There was a member of the Praetorian Guard by the name of Cassius Caria who had had enough. Caligula would often single the man out and mock him for his effeminacy and allude to a genitalia-related injury Caria had suffered while on campaign. After being humiliated time and time again, the angry Praetorian Guardsmen began to whisper with members of the Senate who were looking for any opportunity to off this psychotic brat of an emperor. Caria agreed to be the man on the inside and brought two others in as formal accomplices.
The plot was hatched with the tacit approval of the Praetorian Prefect, who was himself under investigation for treason and thus needed to get rid of Caligula before Caligula got rid of him. In January of 41 AD, after Caligula was done addressing a troop of actors for an upcoming theatrical performance, Caria and the two accomplices cornered the emperor and stabbed him to death. Caligula was 28 years old and had ruled Rome for just shy of four years. The assassins then quickly made their way to the imperial family's chambers and killed Caesonia and the infant Drusilla. There could be no blood heir to Caligula left alive.
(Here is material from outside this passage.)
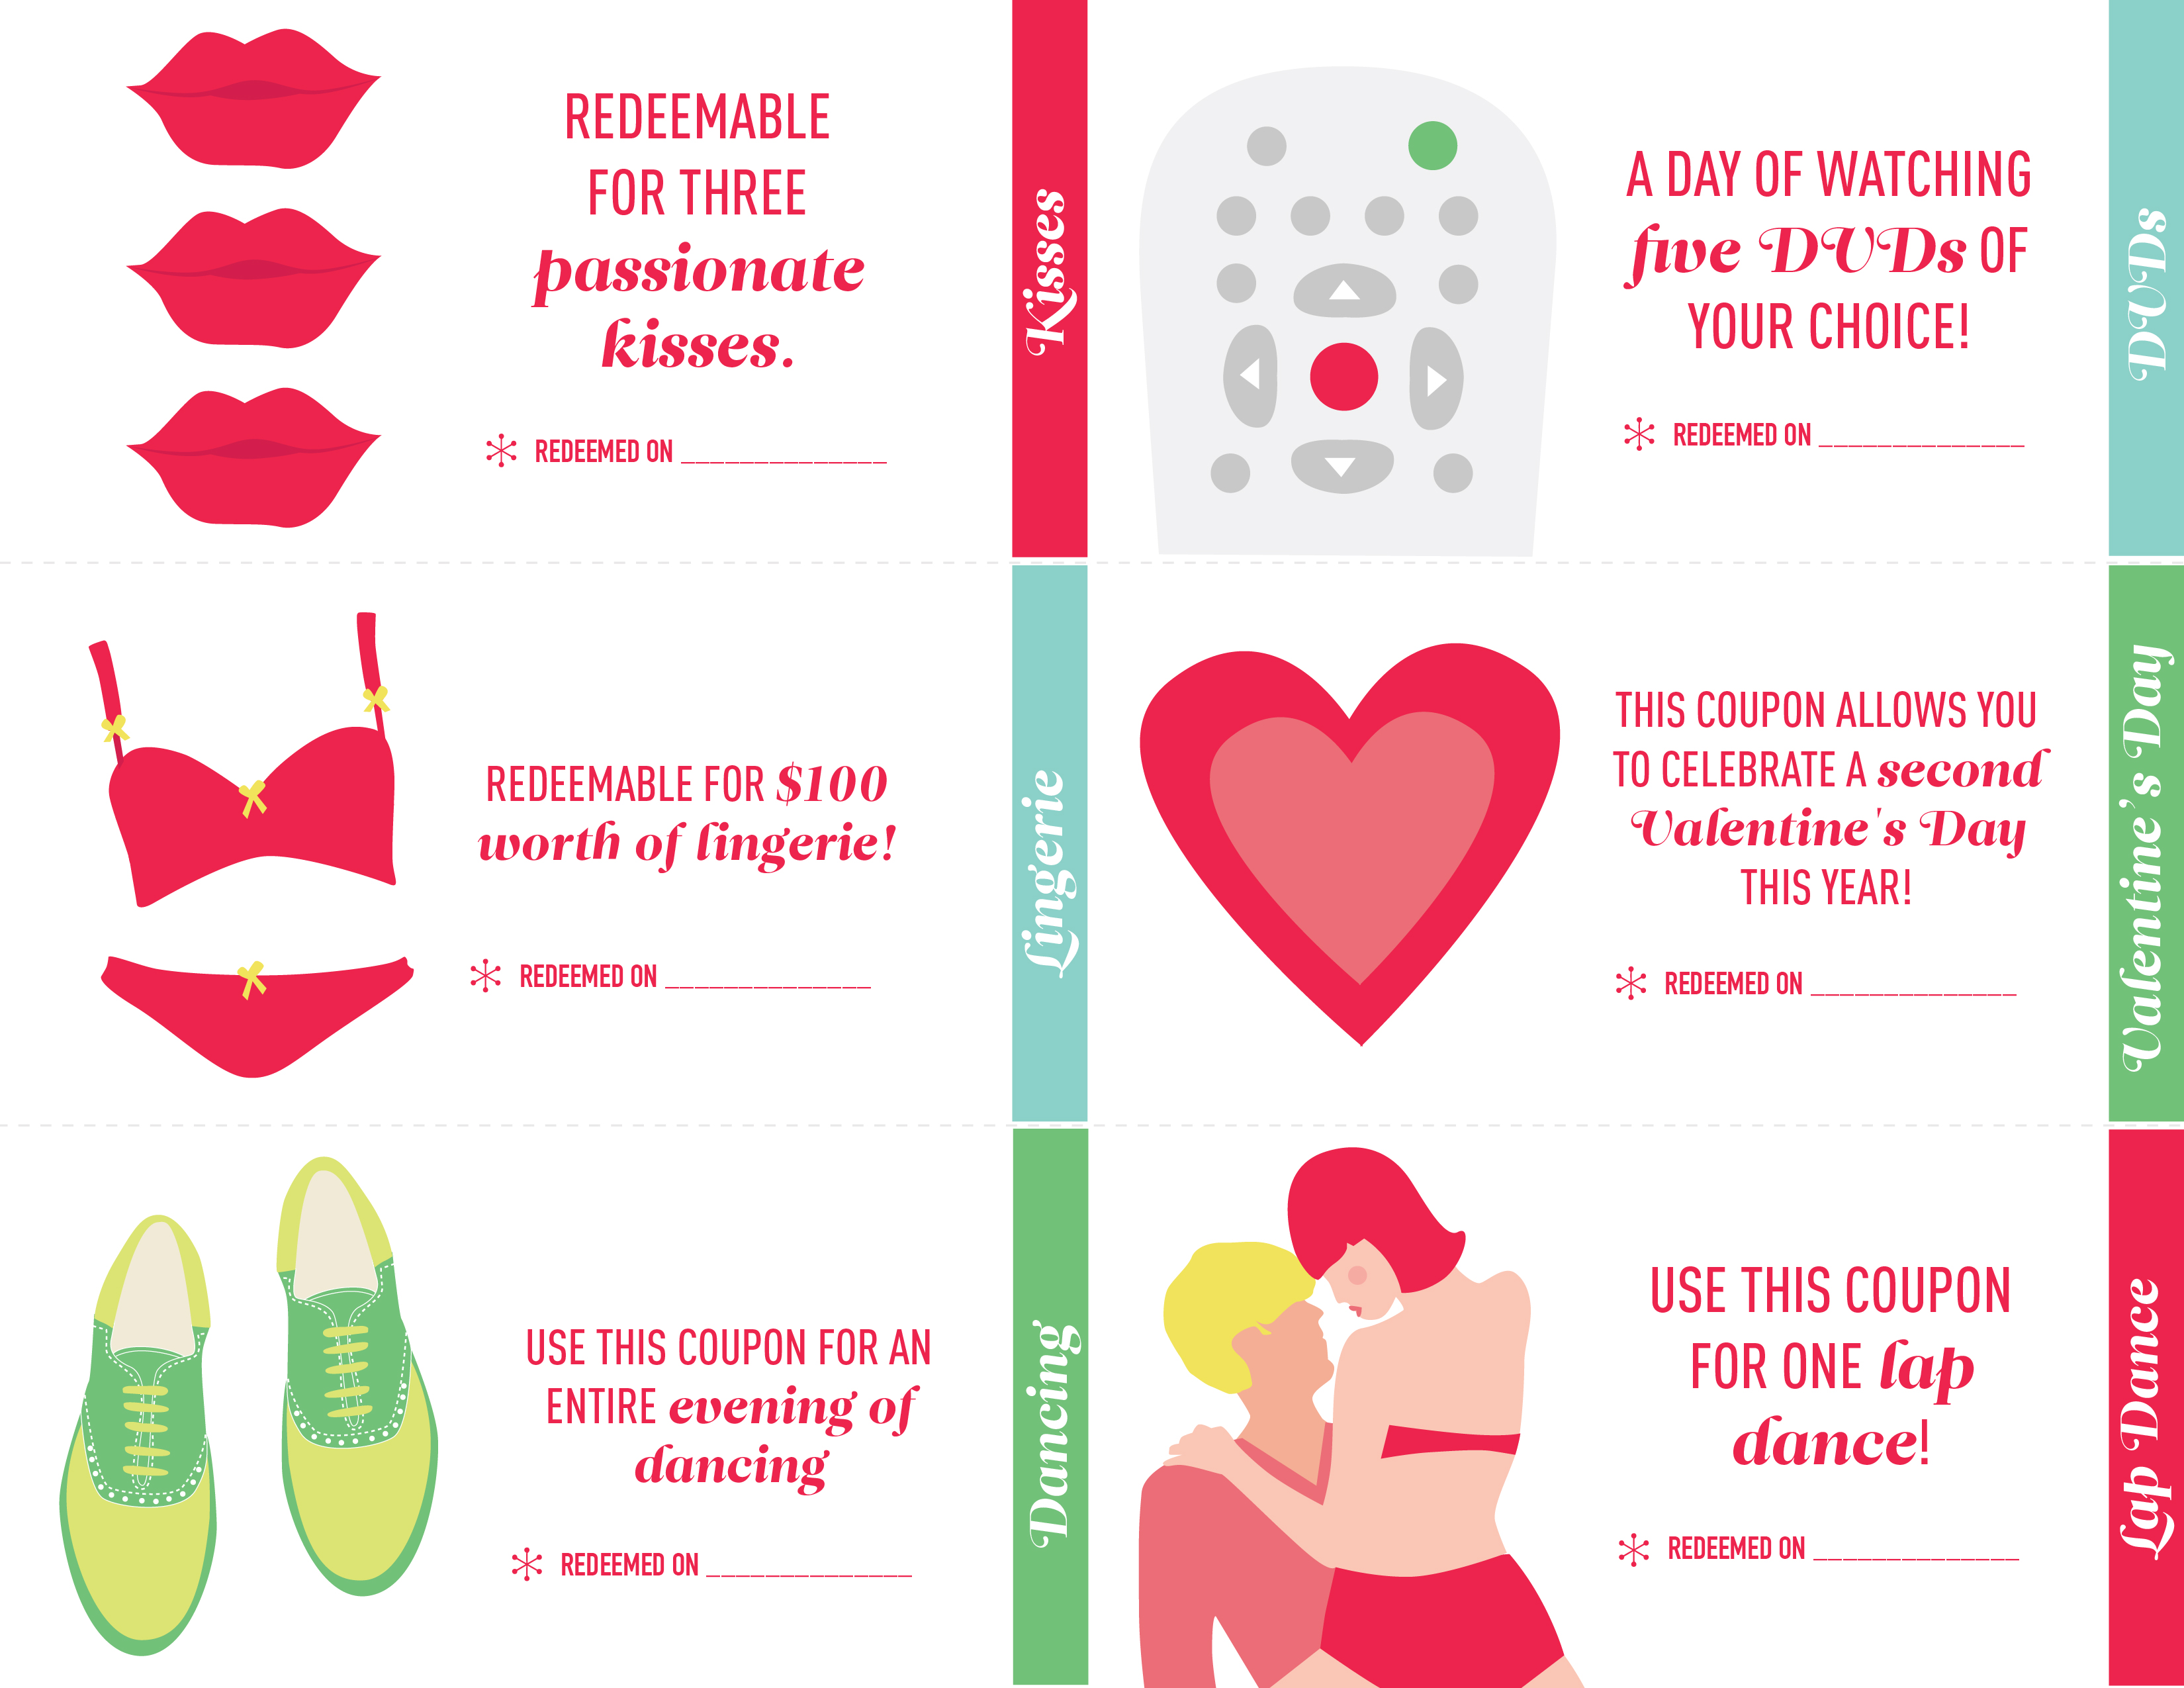 23 Love coupon book ideas for Valentine's Day

With the emperor dead, the big question was what came next. Caria himself seems to have been under the impression that by killing the emperor, it might give the Senate a chance to step into the power vacuum and return Rome to its republican roots. But that was of course a pipe dream. The Praetorian Guard as a whole did not share their comrade's idealism. As it turned out, Caria and the other assassins were unable to get to Uncle Claudius before the rest of the Guard hustled the stammering fool into the safety of their camp. According to legend, Claudius was hiding behind a curtain when they found him, but that is most likely a later dramatic flourish.
That very night, the Guard declared Claudius to be the new emperor, which, when word got out, seemed like some kind of sick joke. Everyone knew that Claudius was a mushy-headed dunce who had managed to stay alive through the reigns of Tiberius and Caligula because he made such a great butt for jokes. There was no way that he was capable of ruling the empire. And this was, of course, precisely the point. The Praetorian leadership figured Claudius would be easy to control.
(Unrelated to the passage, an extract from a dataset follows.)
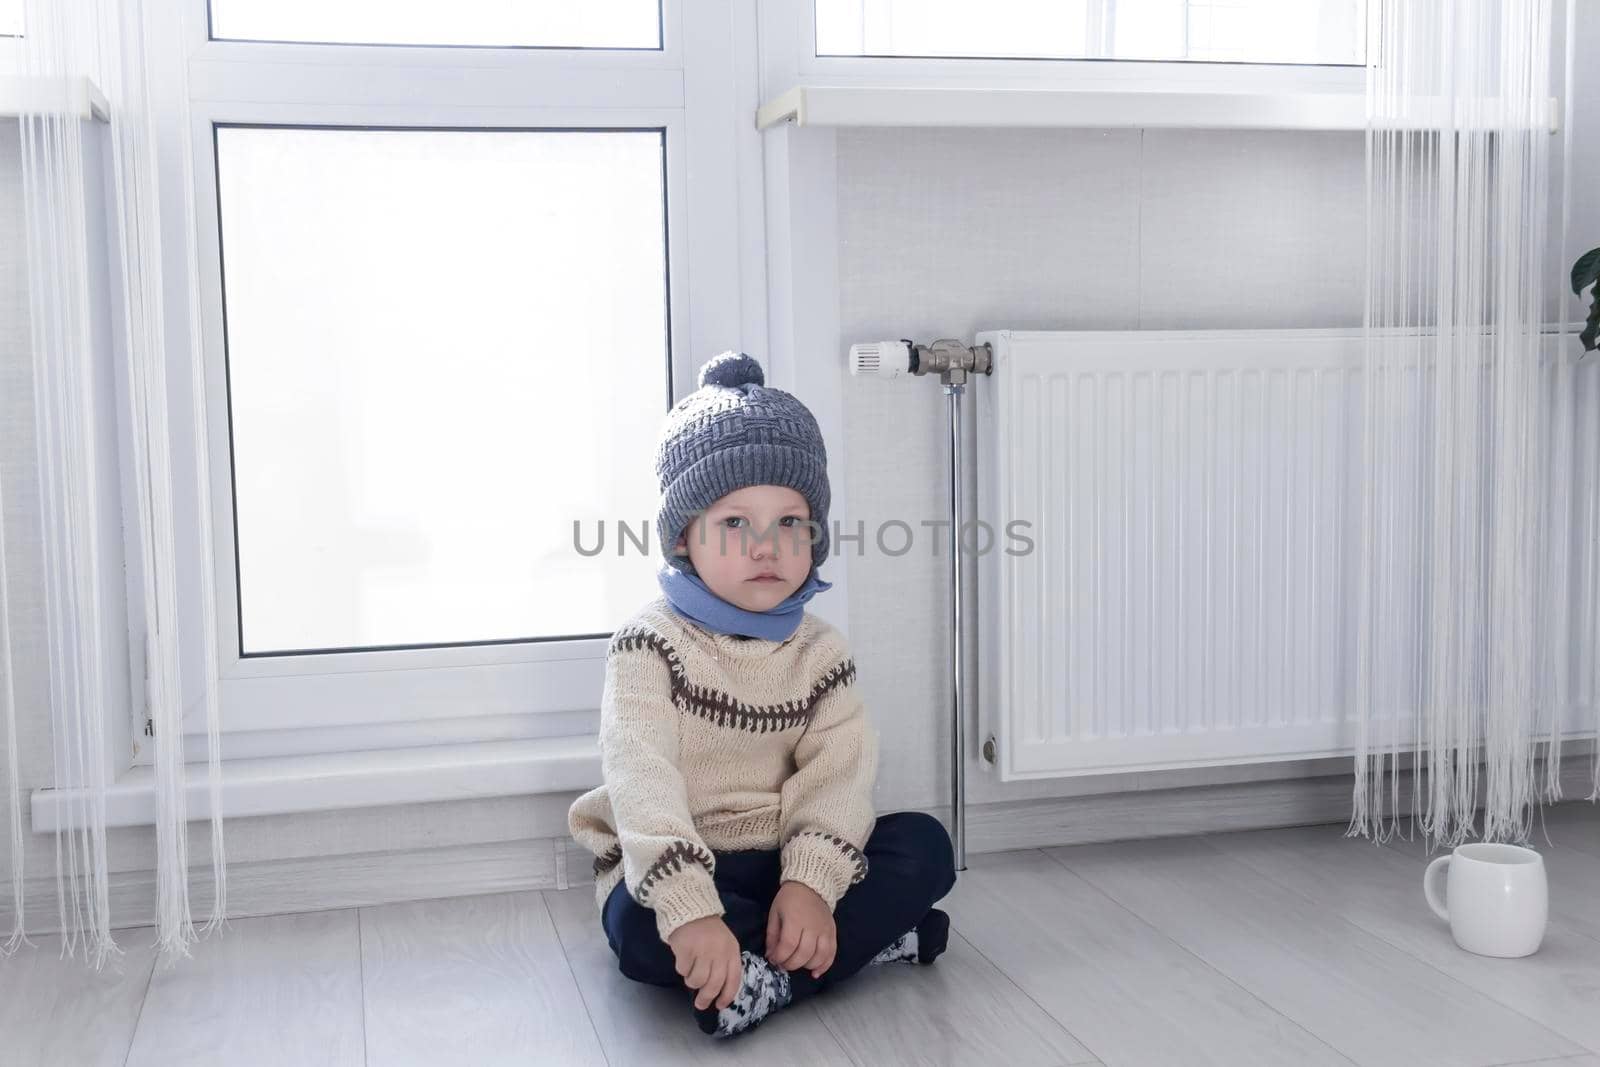 A small child in a sweater and a gray hat is kneeling near a heater with a thermostat...

As we'll see next week, though, Claudius seems to have had everyone fooled pretty well. He was no fool at all, and would prove to be a thoroughly competent emperor even if his domestic life left something to be desired.
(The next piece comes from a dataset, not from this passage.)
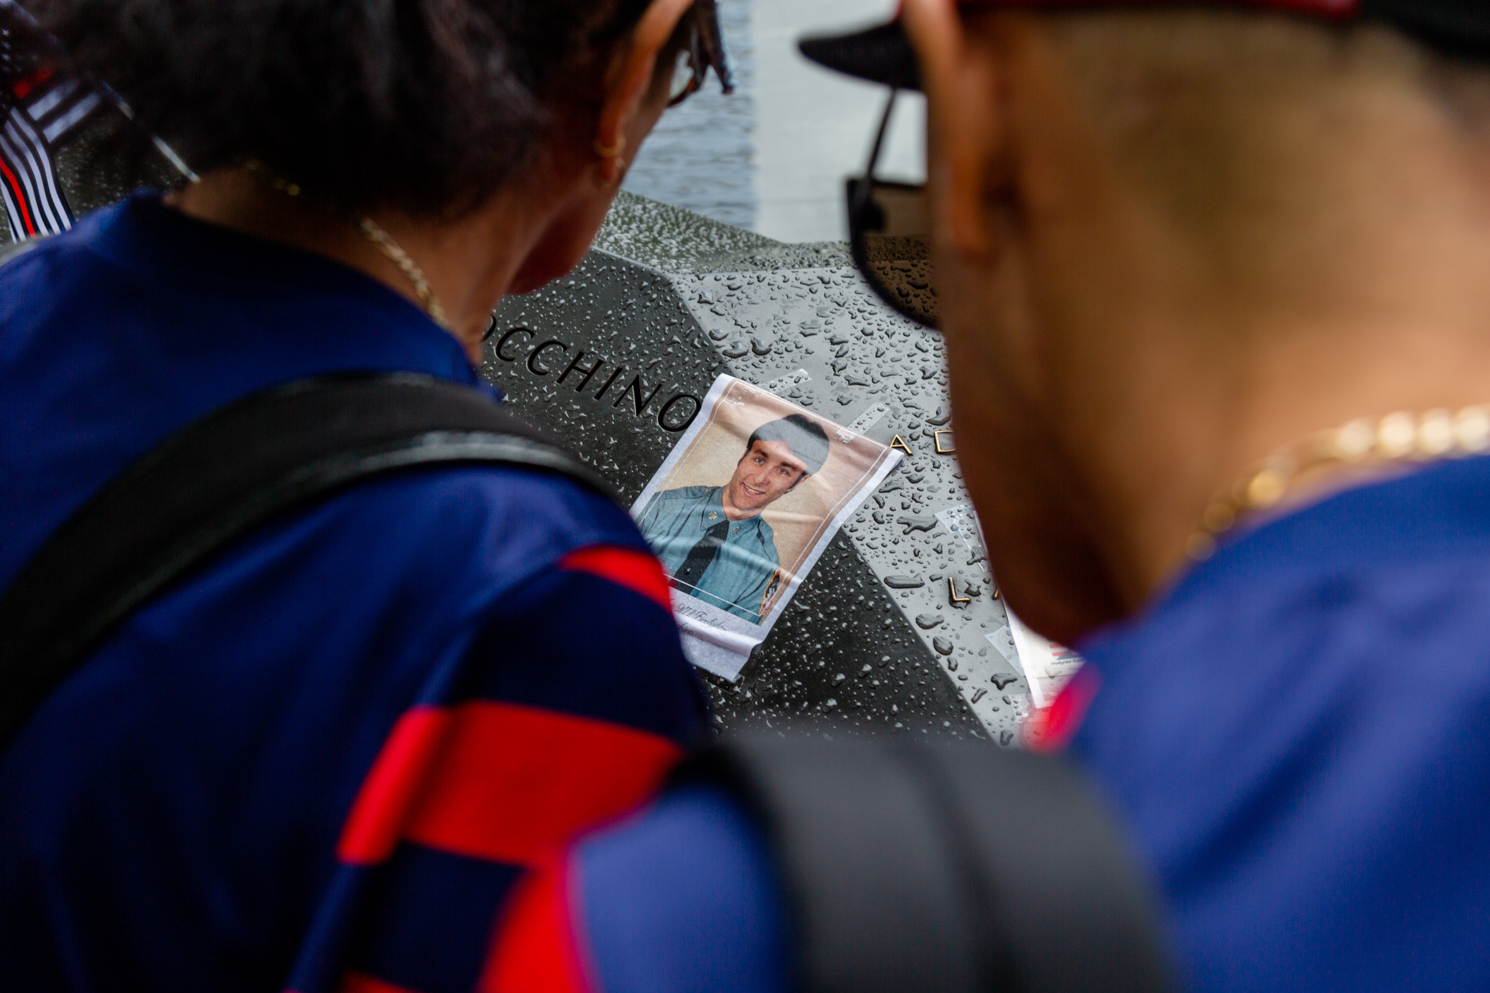 Visitors look at a photograph placed next to the engraved names at the Sept. 11 memorial.

The short and brutal reign of Caligula is an object lesson for why you don't put absolute power in the hands of one man, especially without vetting him first. Though he was the first really terrible emperor, he will certainly not be the last, as every generation or so, another Caligula will emerge to remind everyone why they tried to get away from all of this in the first place, why they had shared consulships, why they had thrown the kings out, why they had set up the Senate, why they had set up the people's assemblies, why it was just dumb to give absolute power to just one guy. But it was too late to go back to the days of a shared consulship or the diffusion of power. All the Romans could do now was try to survive the bad years and hope that the next guy would be better. Because like it or not, the emperors had all the power now.